Внешность (то, что вульгарные критики называют формой) всегда преобладала во французском искусстве. В жизни это дало "парижский шик", в искусстве это дало перевес живописи над другими искусствами.

Живопись – самое распространенное, самое влиятельное искусство Франции. Не говорю даже о квартирах. Кафе и рестораны сплошь увешаны картинами. На каждом шагу магазин-выставка. Огромные домища – соты-ателье. Франция дала тысячу известнейших имей. А на каждого с именем приходится еще тысяча пишущих, у которых не только нет имени, но и фамилия их никому не известна, кроме консьержки.

Перекидываюсь от картины к картине. Выискиваю какое-нибудь открытие. Жду постановки новой живописной задачи. Добиваюсь в картине раскрытия лица сегодняшнего Парижа.

Заглядываю в уголки картин – ищу хоть новое имя.

Напрасно.

Попрежнему центр – кубизм. Попрежнему Пикассо – главнокомандующий кубистической армией.

Попрежнему грубость испанца Пикассо "облагораживает" наиприятнейший зеленоватый Брак.

Попрежнему теоретизируют Меценже и Глез.

Попрежнему старается Леже вернуть кубизм к его главной задаче – объему.

Попрежнему непримиримо воюет с кубистами Делонэ.

Попрежнему "дикие" – Дерен, Матис – делают кар. тину за картиной.

Попрежнему при всем при этом имеется последний крик. Сейчас эти обязанности несет всеотрицающее и всеутверждающее "да-да".

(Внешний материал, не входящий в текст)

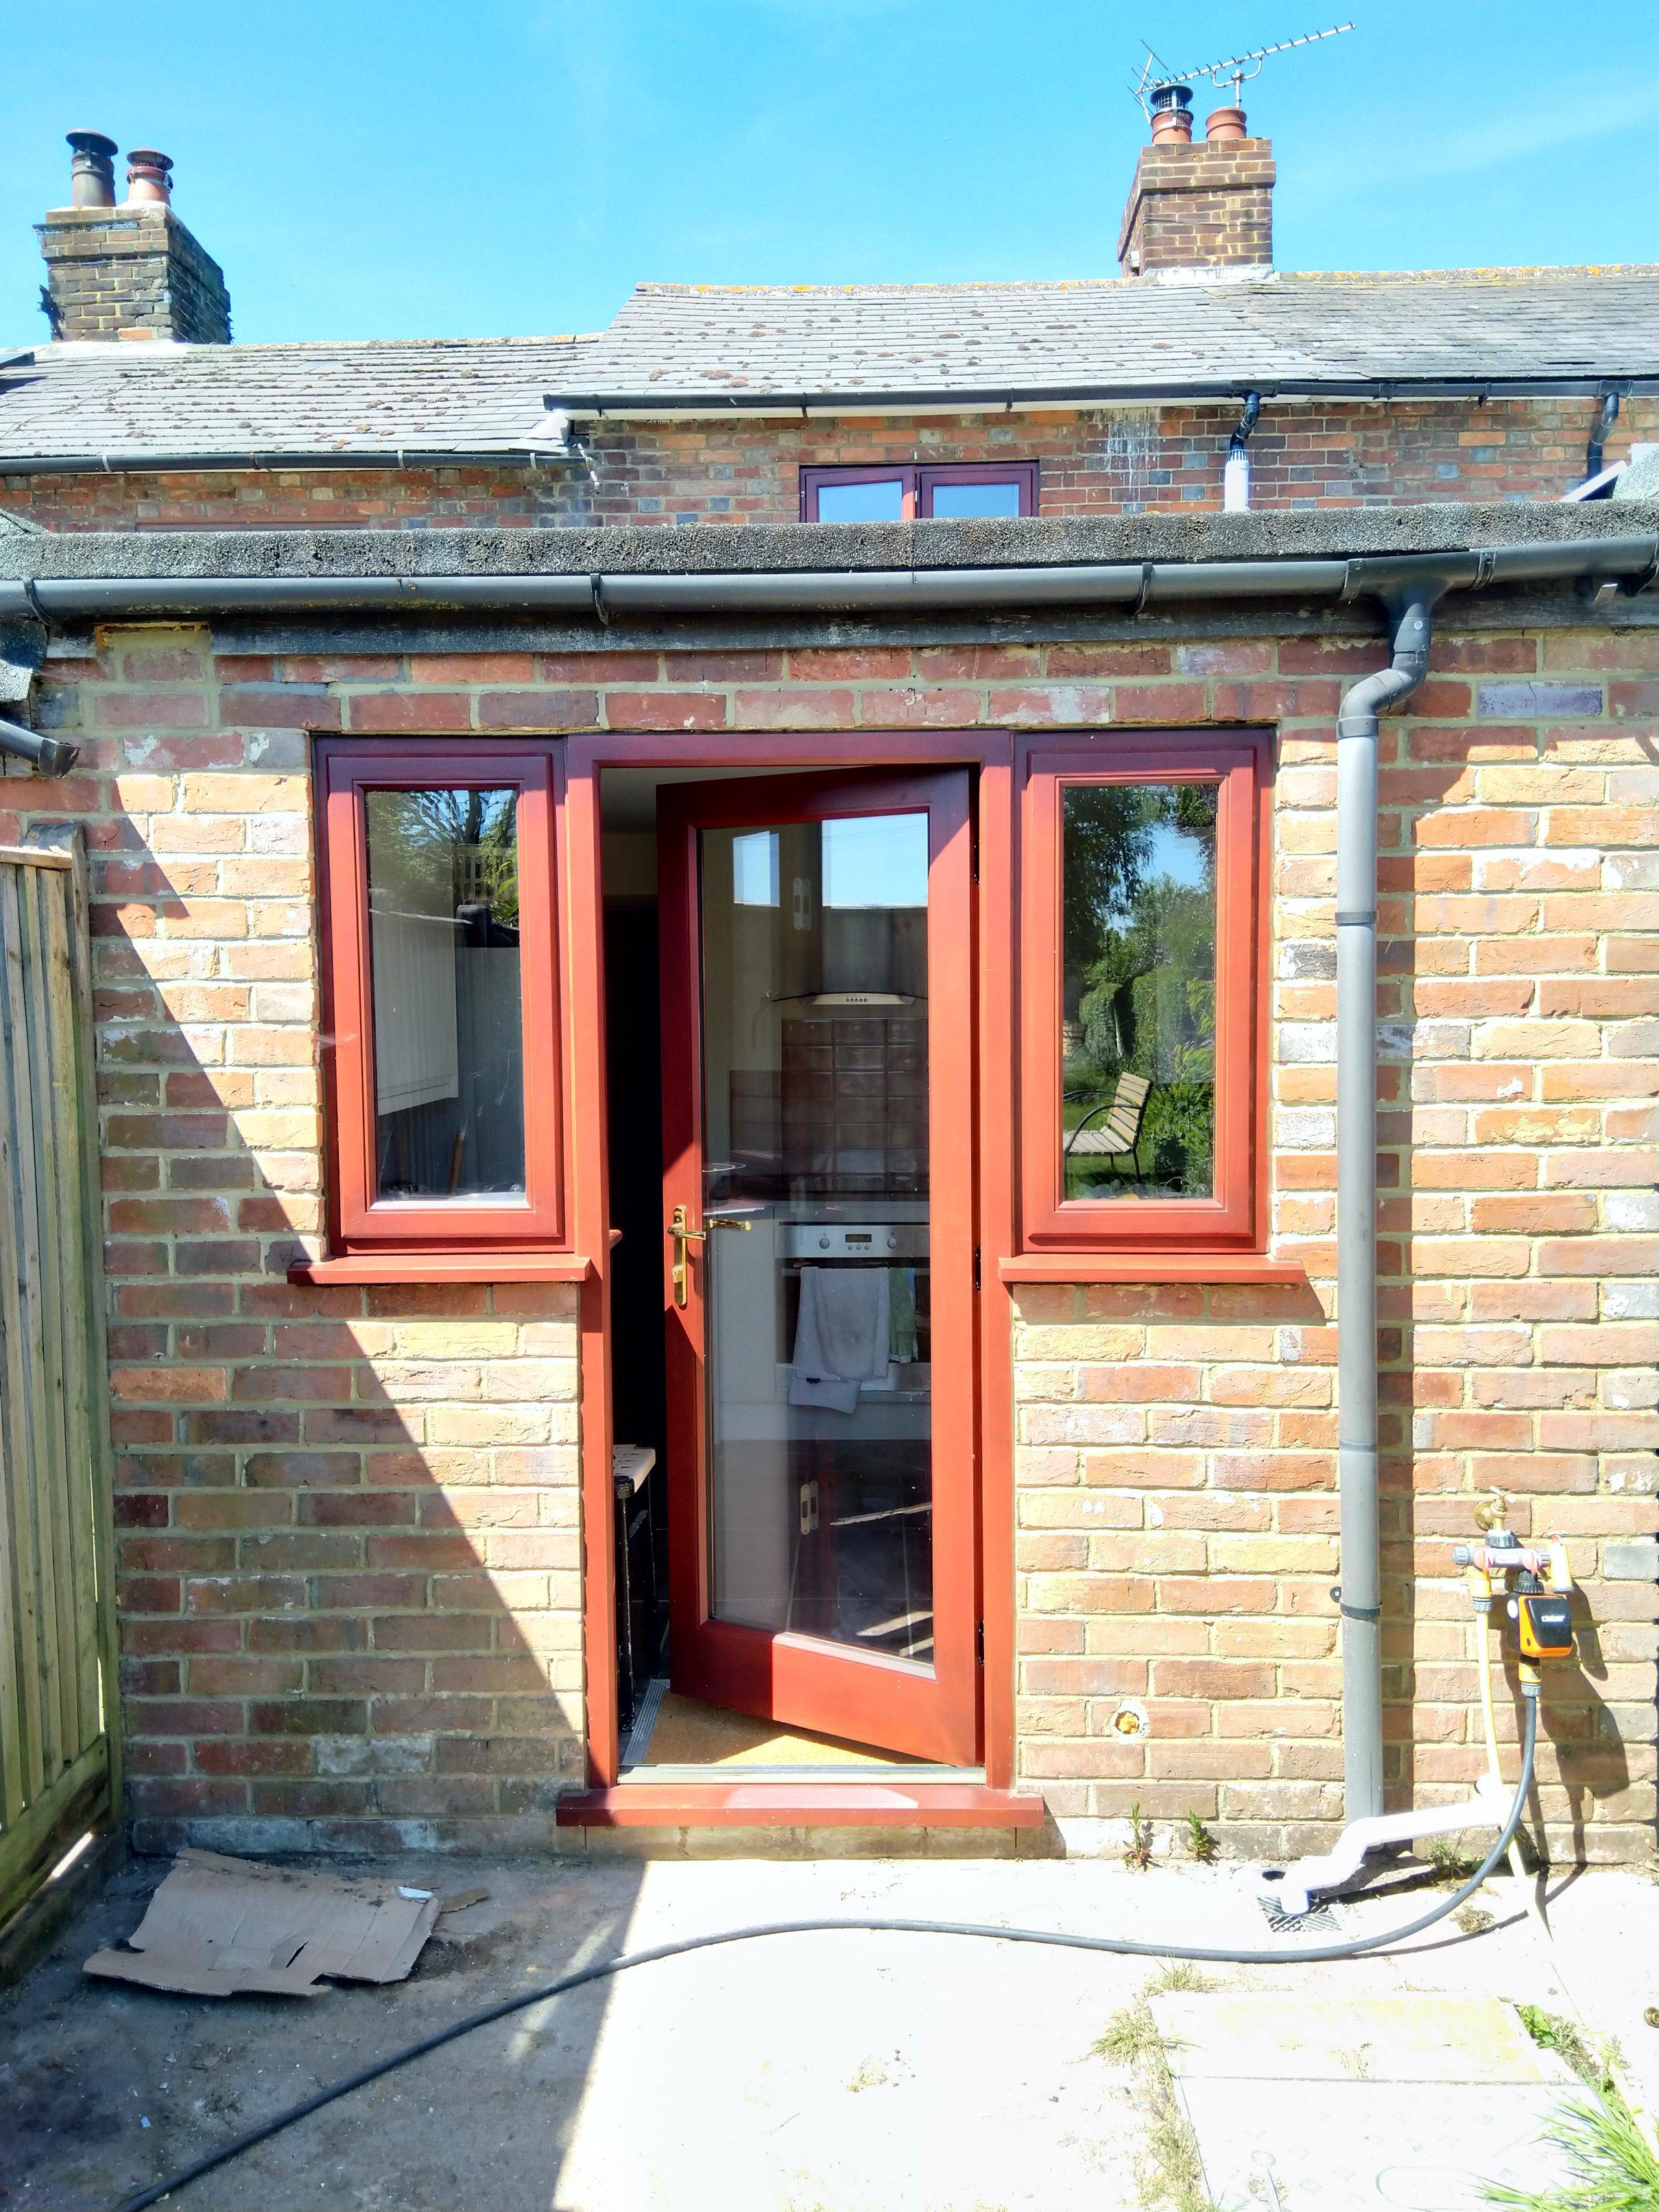 accoya-windows-east-peckham-tonbridge-2

И попрежнему… все заказы буржуа выполняются бесчисленными Бланшами. Восемь лет какой-то деятельнейшей летаргии.

Это видно ясно каждому свежеприехавшему.

Это чувствуется и сидящими в живописи.

С какой ревностью, с какими интересами, с какой жадностью расспрашивают о стремлениях, о возможностях России.